Inklusion: Auch Zahl der Kinder mit Behinderungen nimmt an Regelschulen zu

Förderschulen wachsen

Erfolgreiches Zirkus-Projekt: An der Rotenburger Heinrich-Auel-Förderschule versucht man, das Selbstbewusstsein der Kinder auch außerhalb des Klassenzimmers zu stärken. Mit dem Zirkus Dobbelino trainierten sie am Ende des vergangenen Schuljahres auch Geschick und Teamfähigkeit. Archivfoto: Schäfer-Marg

Hersfeld-Rotenburg/Werra-Meißner. Die Zahl der Kinder, die Förderschulen im Kreis Hersfeld-Rotenburg und im Werra-Meißner-Kreis besuchen, ist von 673 im Vorjahr auf 703 im neuen Schuljahr gestiegen. Das geht aus einer Statistik des Staatlichen Schulamts hervor.

Zugenommen hat auch die Zahl der Kinder, die an Regelschulen inklusiv beschult werden. Das heißt, Kinder mit und ohne Behinderungen werden gemeinsam unterrichtet.

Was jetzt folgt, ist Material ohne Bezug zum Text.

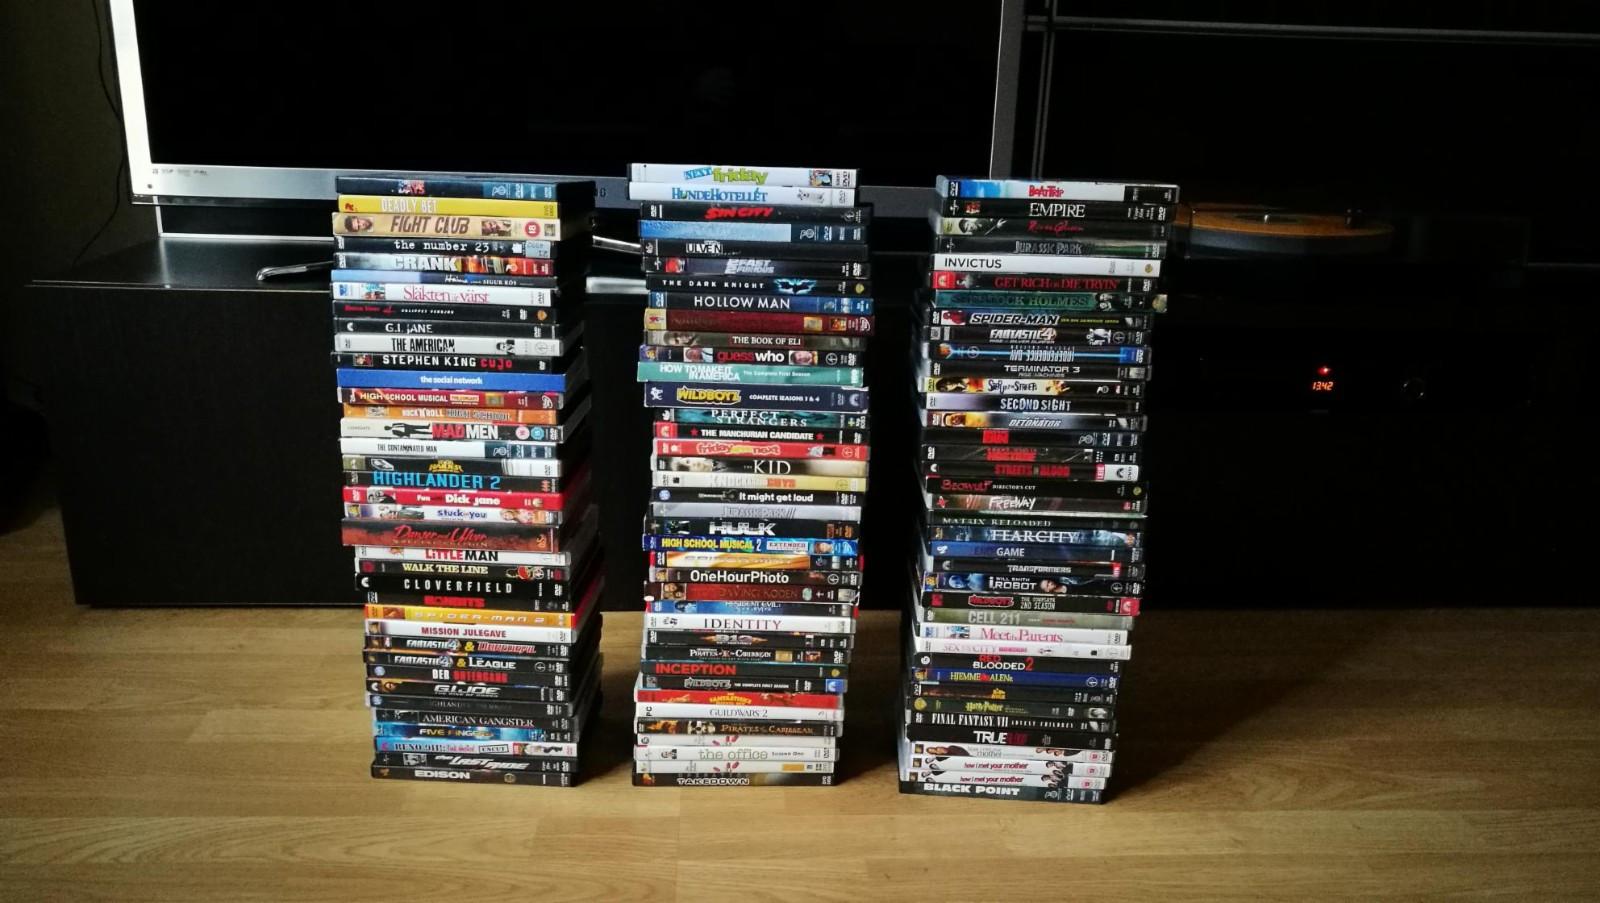 113 DVDer til snaue 4,5 stk. - Oslo  - Kvitter meg med 113 DVD filmer for å få mer plass. Noen få filmer har Svensk cover. Orker ikke å skrive tittel på alle filmene, men det er bilde av alle, så ta en titt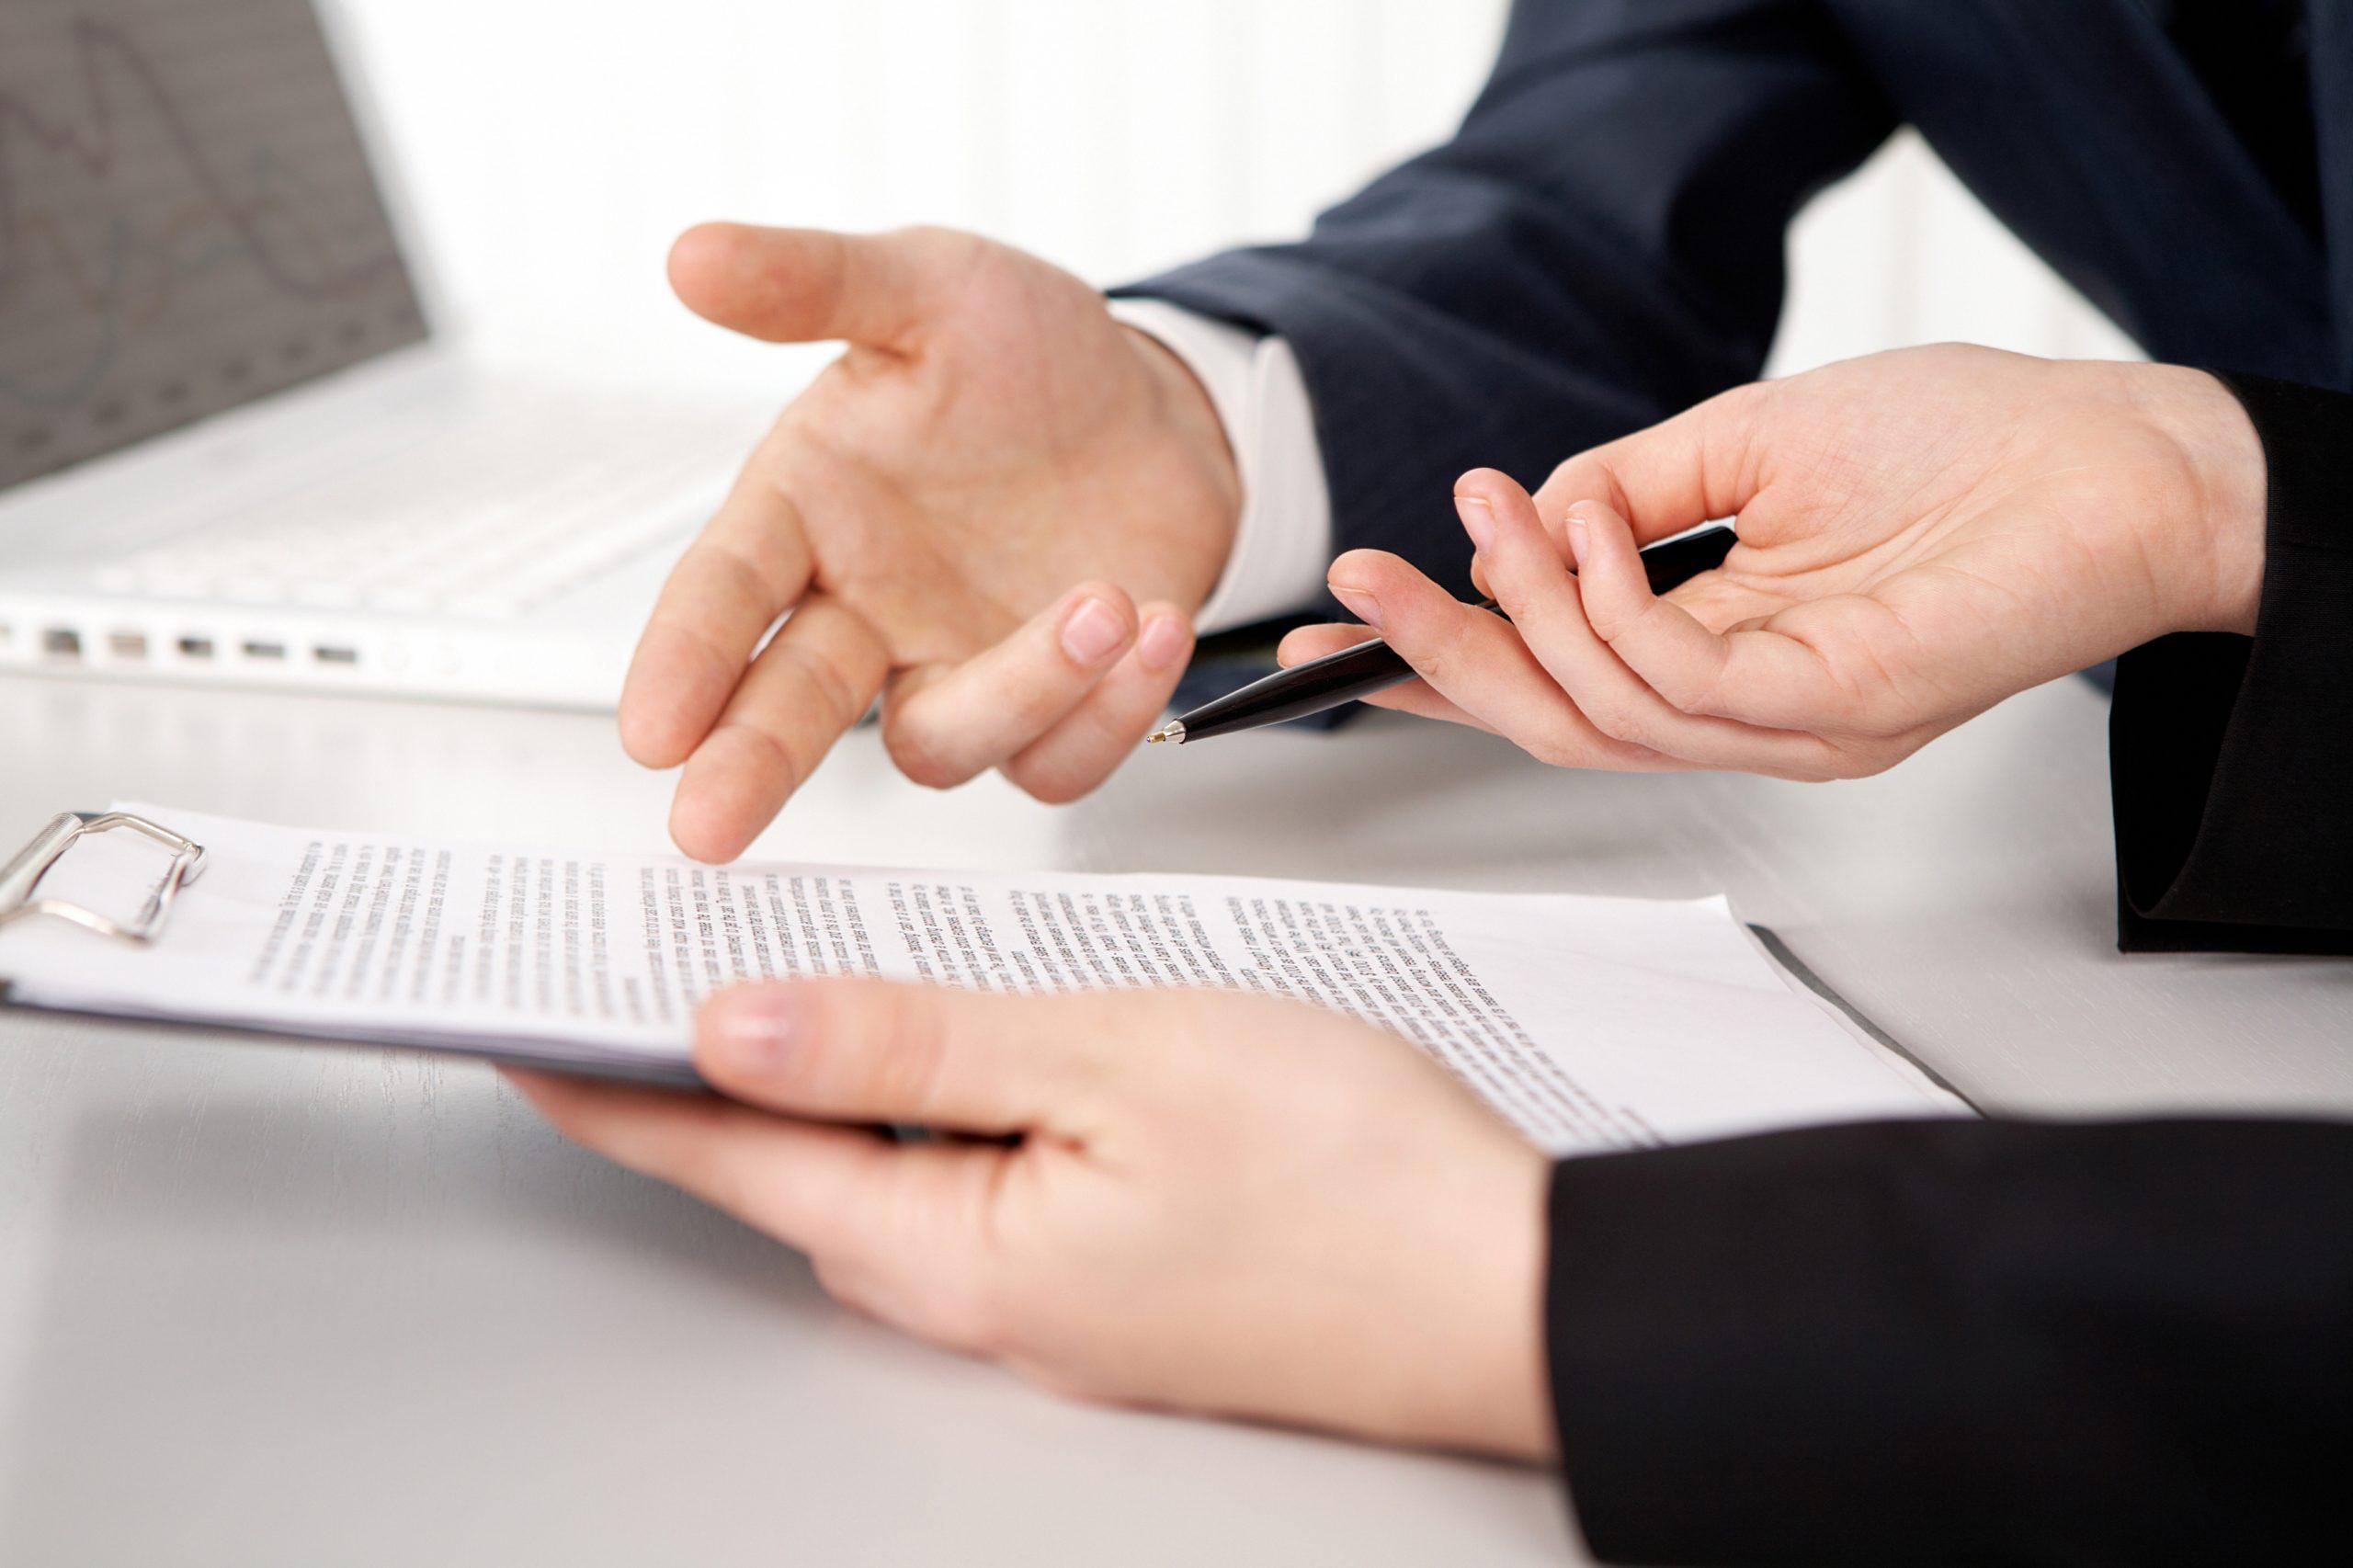 Документ, який свідчить про здавання виручки до банкута є підтвердженням оприбуткування готівки в касі СГ

Deren Zahl ist in beiden Kreisen um 88 auf 279 in angestiegen. Inklusion findet in den Förderschwerpunkten Sprachheilförderung, Lernen, geistige Entwicklung, Hören und Sehen, emotionale-soziale Entwicklung sowie körperliche und motorische Entwicklung statt.

Die Unterrichtsabdeckung im Bereich der Förderschulen und der sonderpädagogischen Förderung im Zuge der Inklusion ist allerdings nicht so, wie sie sich die Verantwortlichen an den Schulen und im Schulamt wünschen. Sie liegt bei knapp 99 Prozent. Zum Vergleich: An Regelschulen liegt sie bei 103 Prozent. Grund ist, dass es zu wenige Förderschulpädagogen gibt. Die frisch examinierten Lehrer können sich ihre Arbeitsplätze weitgehend aussuchen und ziehen Ballungszentren dem ländlichen Raum vor.

Keine Überraschung

Dass die Förderschulen trotz des Inklusionsanspruchs in diesem Jahr wachsen, ist für Kristiane Menke, die Leiterin der Rotenburger Heinrich-Auel-Schule und des Beratungs- und Förderzentrums, keine Überraschung: „Viele Eltern wünschen, dass ihre Kinder unsere Schule besuchen. Sie finden, dass die Bedingungen an den allgemeinen Schulen nicht ausreichend sind für ihre Kinder. Außerdem wissen sie, dass die Kinder den gleichen Abschluss machen können wie an den allgemeinen Schulen“, sagt Menke.

Die zugewiesenen Stunden für Inklusion und vorbeugende Maßnahmen an den Regelschulen reichen nach Menkes Einschätzung nicht aus. An ihrer Schule wurden zum neuen Schuljahr 13 neue Kinder aufgenommen. Die Unterrichtssituation habe sich etwas entspannt, weil zwei neue Kolleginnen in Rotenburg arbeiten – beide allerdings nicht mit voller Stelle. Für die Leiterin der Hirschbergschule und des Beratungs- und Förderzentrums in Rommerode, Petra Voß, lässt sich durch den Anstieg der Schülerzahlen an Förderschulen noch kein Trend feststellen. Die Zahl der Schüler schwanke immer, erklärte sie. Im Werra-Meißner-Kreis gibt es zwölf Kinder mehr an Förderschulen.